A runbook template that embeds post‑incident review questions and metric fields ensures that each incident contributes to this feedback loop. Over time, you can show executives, auditors and customers that similar incidents are being handled faster, with less impact and fewer surprises.

Making post‑incident reviews meaningful and actionable

Post‑incident reviews are valuable only when they lead to specific, owned actions and visible change. A structured review format in your runbook keeps discussions focused on facts, causes and improvements rather than blame, so people feel safe to be honest about what went wrong.

Your template should define when a full post‑incident review is required-typically for high‑severity incidents, multi‑tenant events or any incident that exposes a serious gap. For lower‑severity but frequent incidents, you might use a lighter‑weight review, perhaps batching them into periodic thematic analyses.

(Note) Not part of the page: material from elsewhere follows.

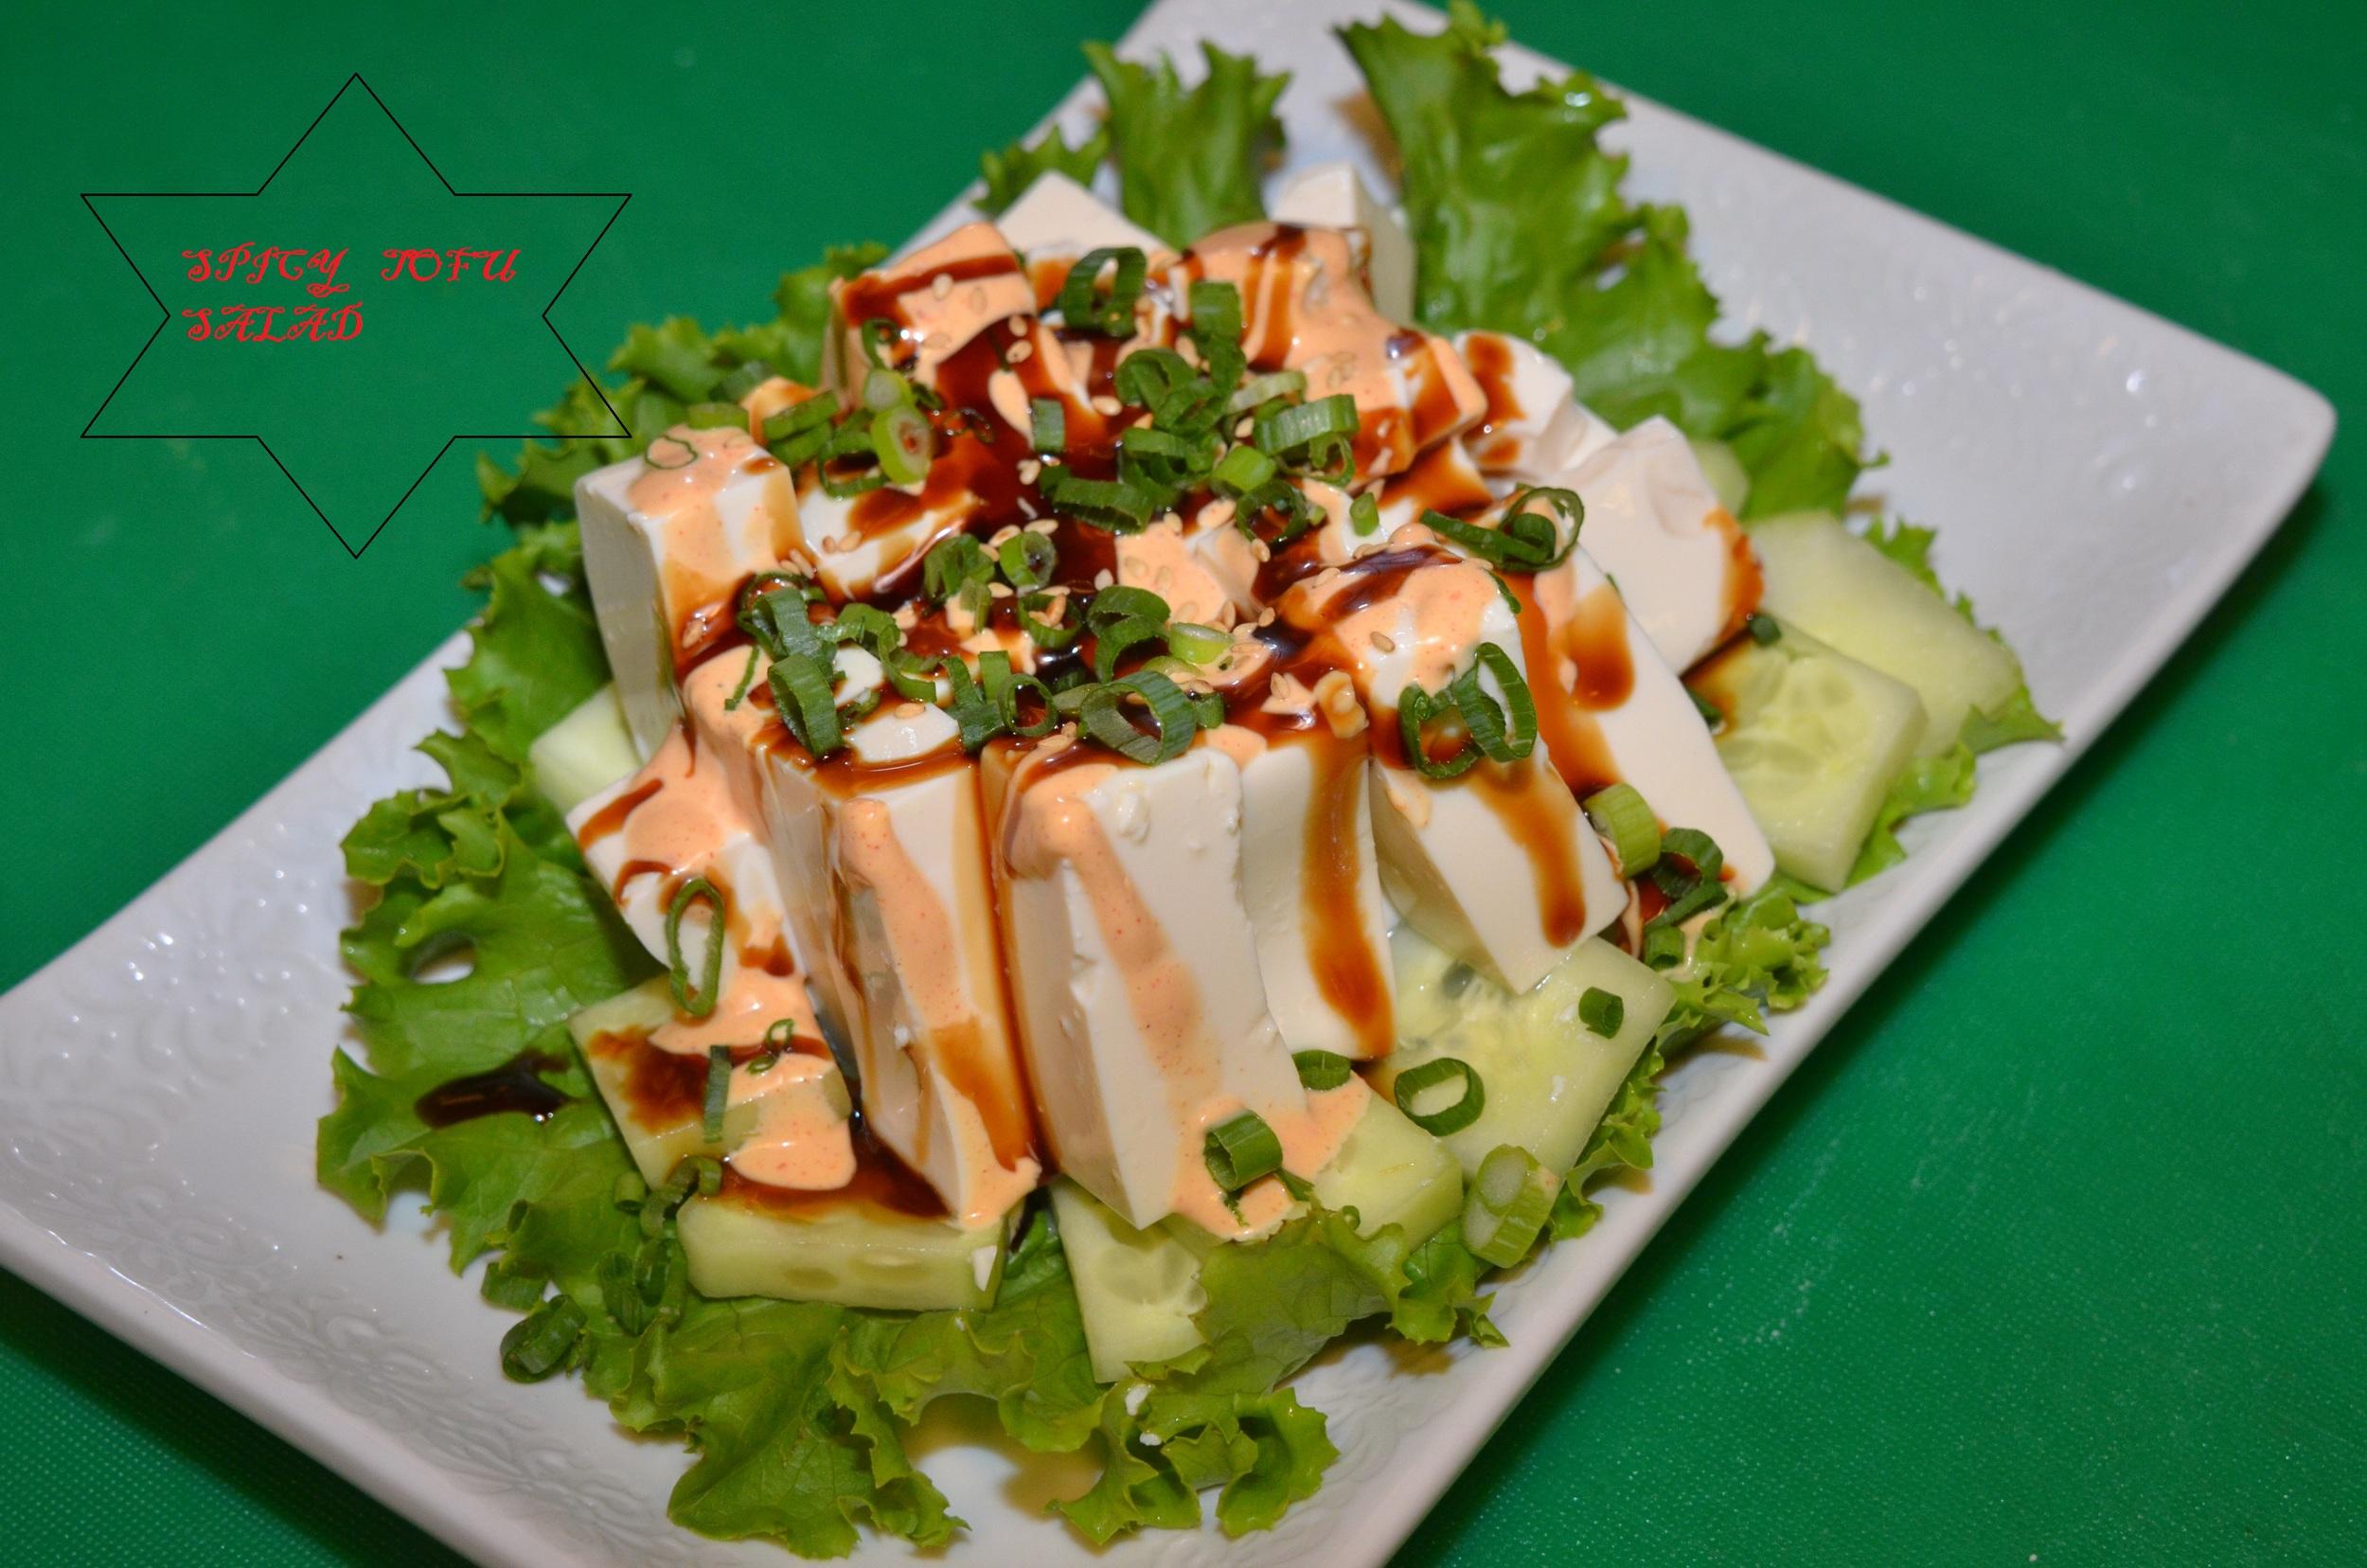 Spicy Tofu Salad.JPG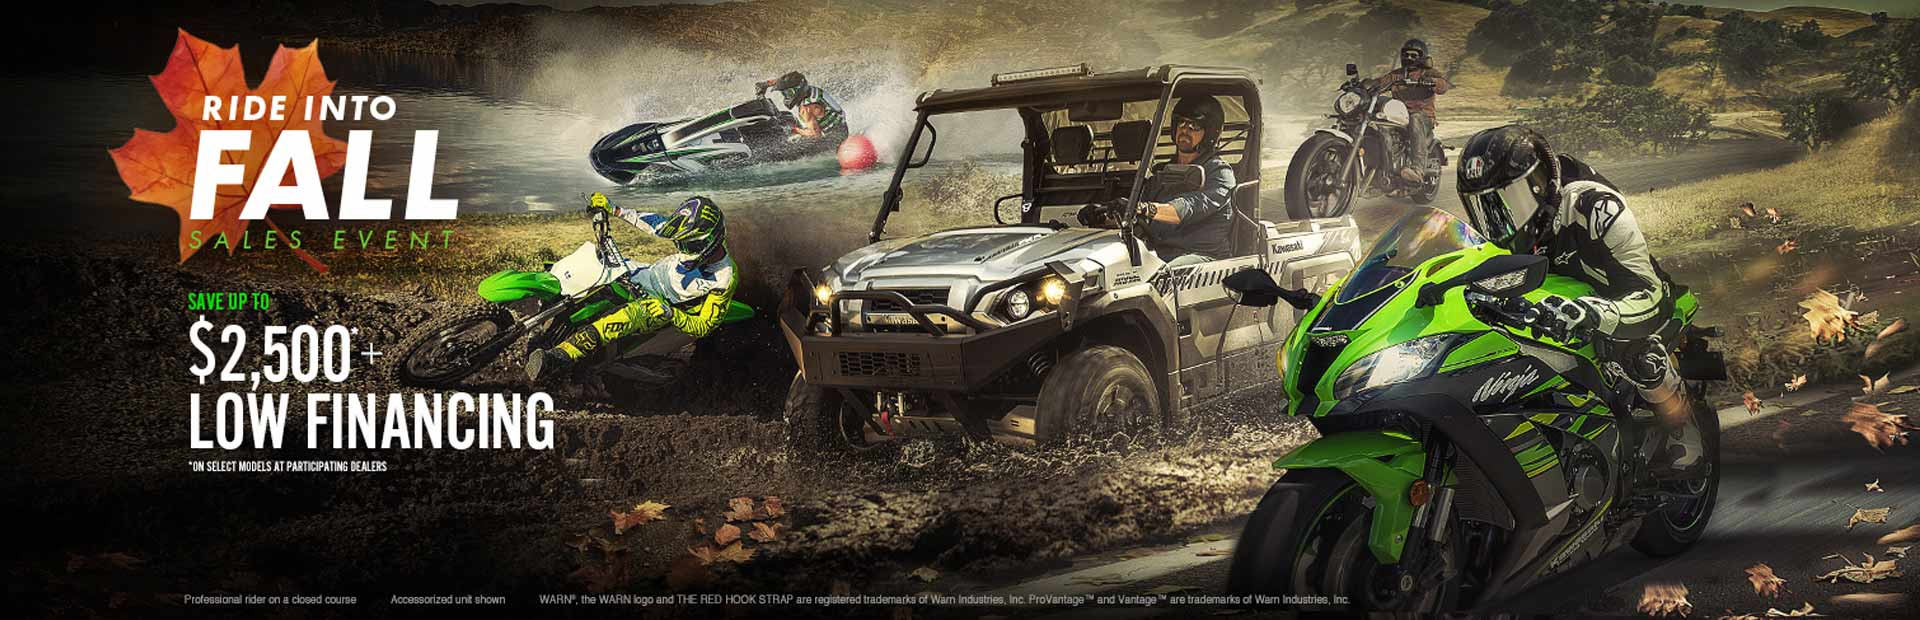 home sportland motorsports urbana, il (217) 328-5005

A structured review format helps teams focus. Common elements include:

Factual timeline: what happened when, based on logs and records.
Detection and analysis: how the incident was discovered and assessed.
Response effectiveness: what worked well and what caused friction or delay.
Root causes: technical, process and human factors.
Control evaluation: whether existing controls were adequate or need adjustment.
Corrective and preventive actions: what will change, who owns it and by when.
Communication lessons: feedback from customers, regulators or internal stakeholders.

Linking review outcomes directly to your risk register and control set closes the loop. For example, if an incident reveals that multi‑factor authentication was not enforced consistently, the review might drive updates to your access control policies, technical hardening and customer guidance. Your runbook template can include fields or checklists to ensure those linkages are made.

To avoid reviews becoming talking shops, it is important to track follow‑through. Actions agreed during reviews should enter the same planning and tracking systems used for other work, with clear owners and due dates. When your runbook is part of an ISMS platform, reviews and actions can be linked to specific risks and controls, making progress easier to monitor and easier to present in management review meetings.

Choosing and using metrics that demonstrate real improvement

Choosing the right metrics helps you prove that your incident response is improving in ways that matter to different stakeholders. Your runbook can suggest a small set of measures that reflect both operational reality and ISO 27001 expectations, so you avoid tracking numbers that look impressive but do not change behaviour.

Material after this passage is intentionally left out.